Material provided below:

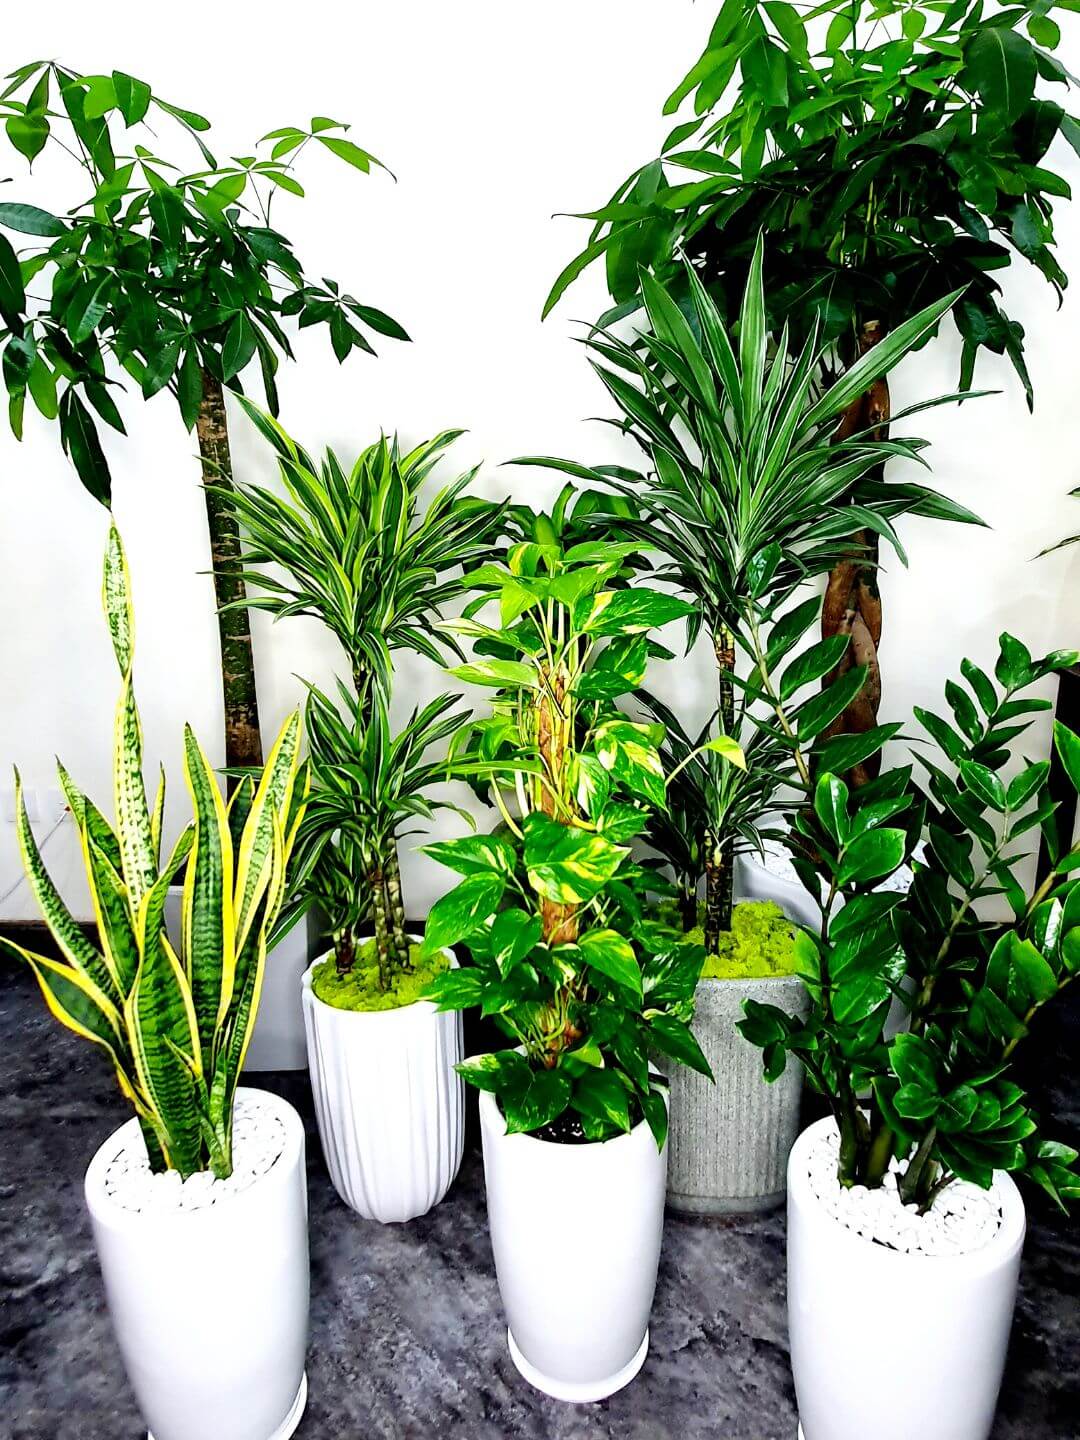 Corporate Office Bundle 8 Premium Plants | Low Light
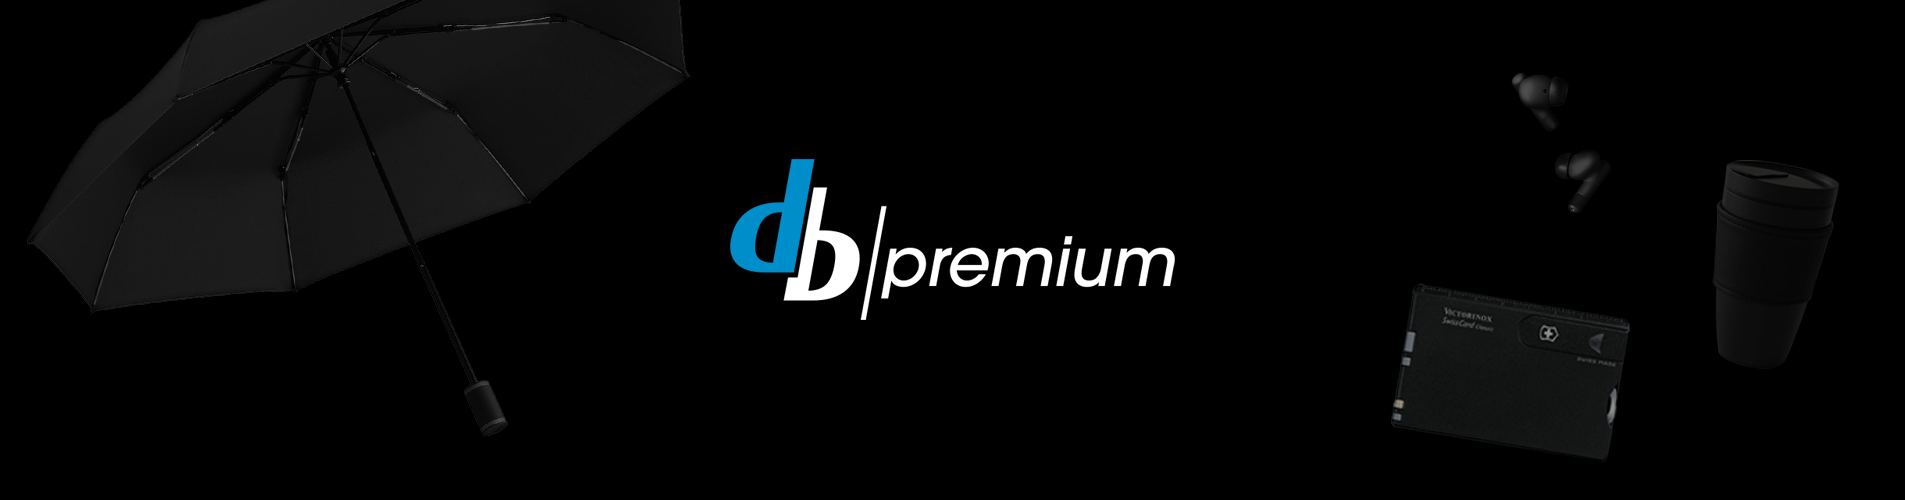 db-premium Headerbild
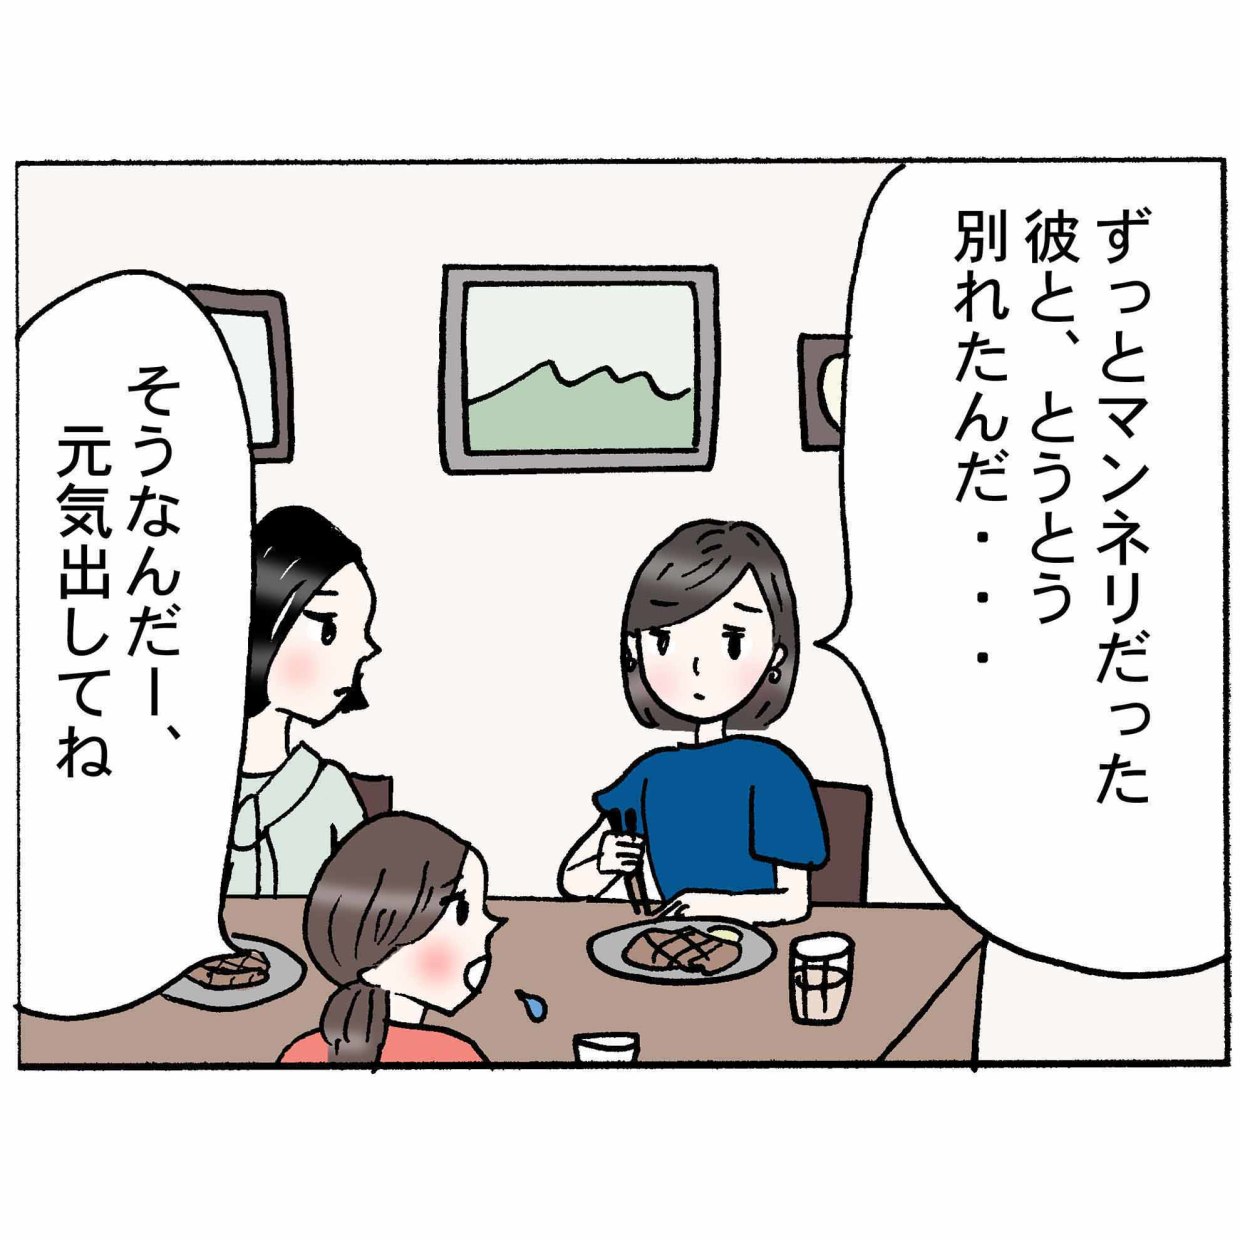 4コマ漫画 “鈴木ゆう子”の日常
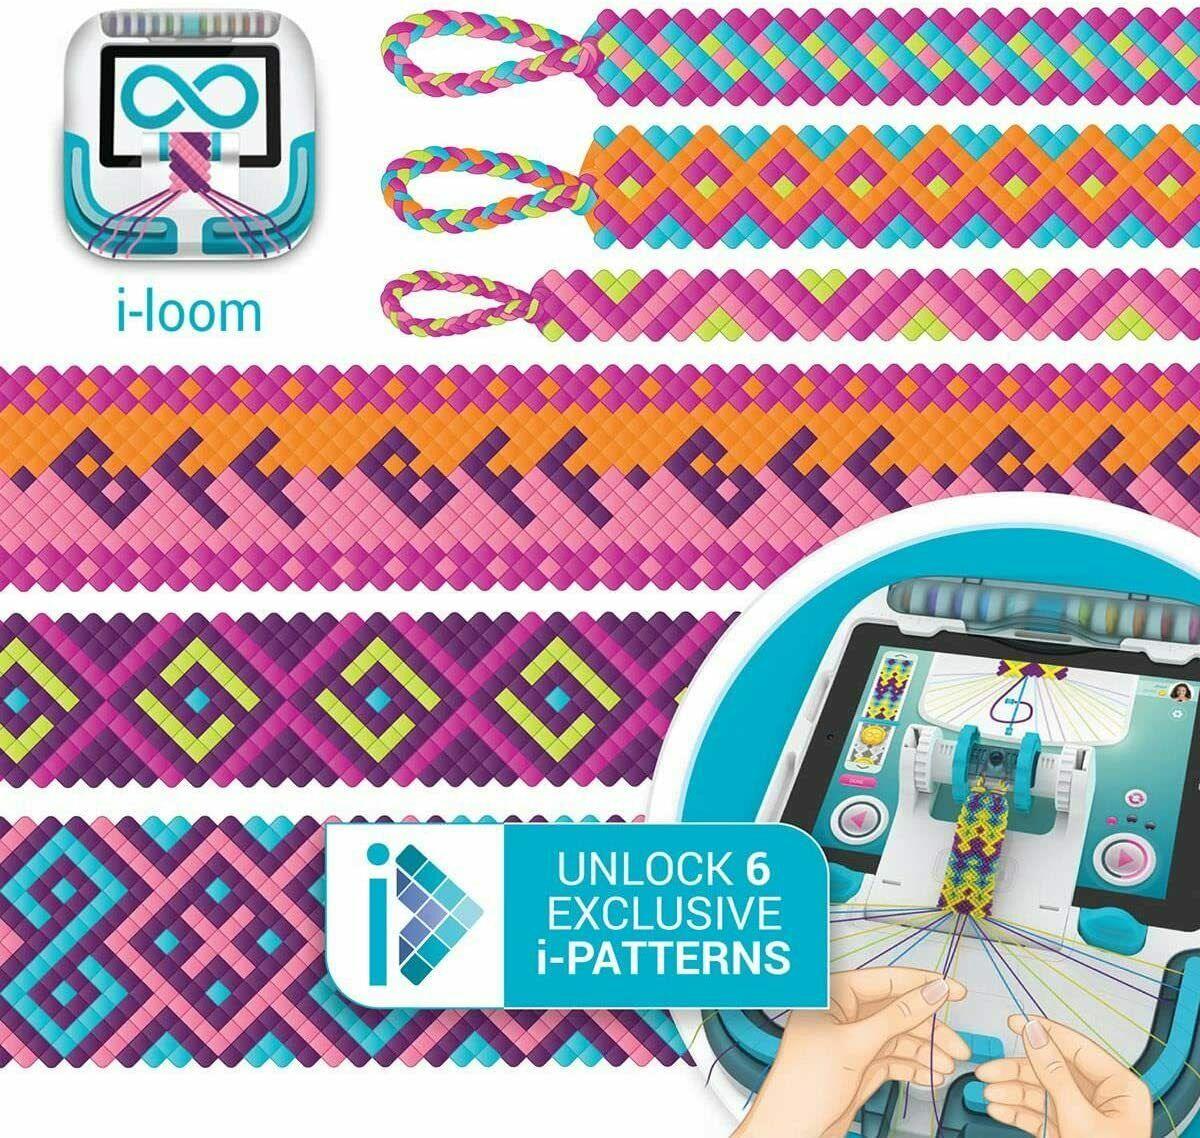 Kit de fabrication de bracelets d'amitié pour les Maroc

End of Material provided.

- [What you need to do]: Word for word, restate only the lines from the one bearing "db-premium Headerbild" through the final line of the listing, inclusive, with no pictures.

- [Result of the task]:
 db-premium Headerbild
 4コマ漫画 “鈴木ゆう子”の日常
 Kit de fabrication de bracelets d'amitié pour les Maroc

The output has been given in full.